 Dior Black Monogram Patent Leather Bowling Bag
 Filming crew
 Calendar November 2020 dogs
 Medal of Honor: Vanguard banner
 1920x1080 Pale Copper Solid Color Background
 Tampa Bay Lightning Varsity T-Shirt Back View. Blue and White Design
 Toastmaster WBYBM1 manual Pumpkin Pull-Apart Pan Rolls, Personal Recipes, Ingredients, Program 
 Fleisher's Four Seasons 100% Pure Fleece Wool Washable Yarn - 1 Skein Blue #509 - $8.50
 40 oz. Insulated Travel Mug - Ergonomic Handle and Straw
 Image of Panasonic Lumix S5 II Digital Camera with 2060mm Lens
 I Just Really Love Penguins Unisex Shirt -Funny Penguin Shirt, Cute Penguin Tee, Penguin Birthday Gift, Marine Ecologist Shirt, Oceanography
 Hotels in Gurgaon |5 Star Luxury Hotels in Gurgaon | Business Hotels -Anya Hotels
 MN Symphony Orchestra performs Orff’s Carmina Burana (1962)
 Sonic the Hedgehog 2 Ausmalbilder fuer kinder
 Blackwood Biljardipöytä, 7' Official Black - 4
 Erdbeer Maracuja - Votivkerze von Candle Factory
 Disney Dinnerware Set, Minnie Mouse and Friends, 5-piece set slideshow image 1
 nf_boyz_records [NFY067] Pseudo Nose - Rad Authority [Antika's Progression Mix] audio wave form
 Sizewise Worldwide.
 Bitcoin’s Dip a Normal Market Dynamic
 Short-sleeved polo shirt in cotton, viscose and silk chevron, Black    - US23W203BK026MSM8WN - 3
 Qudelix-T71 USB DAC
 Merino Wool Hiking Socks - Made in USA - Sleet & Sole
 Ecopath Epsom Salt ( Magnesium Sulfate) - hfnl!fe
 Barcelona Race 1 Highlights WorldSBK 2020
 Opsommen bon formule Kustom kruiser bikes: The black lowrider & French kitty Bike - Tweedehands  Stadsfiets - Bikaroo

───

The expected answer is one number: how many lines of the material contain the word "Blue".

- **Task output**
2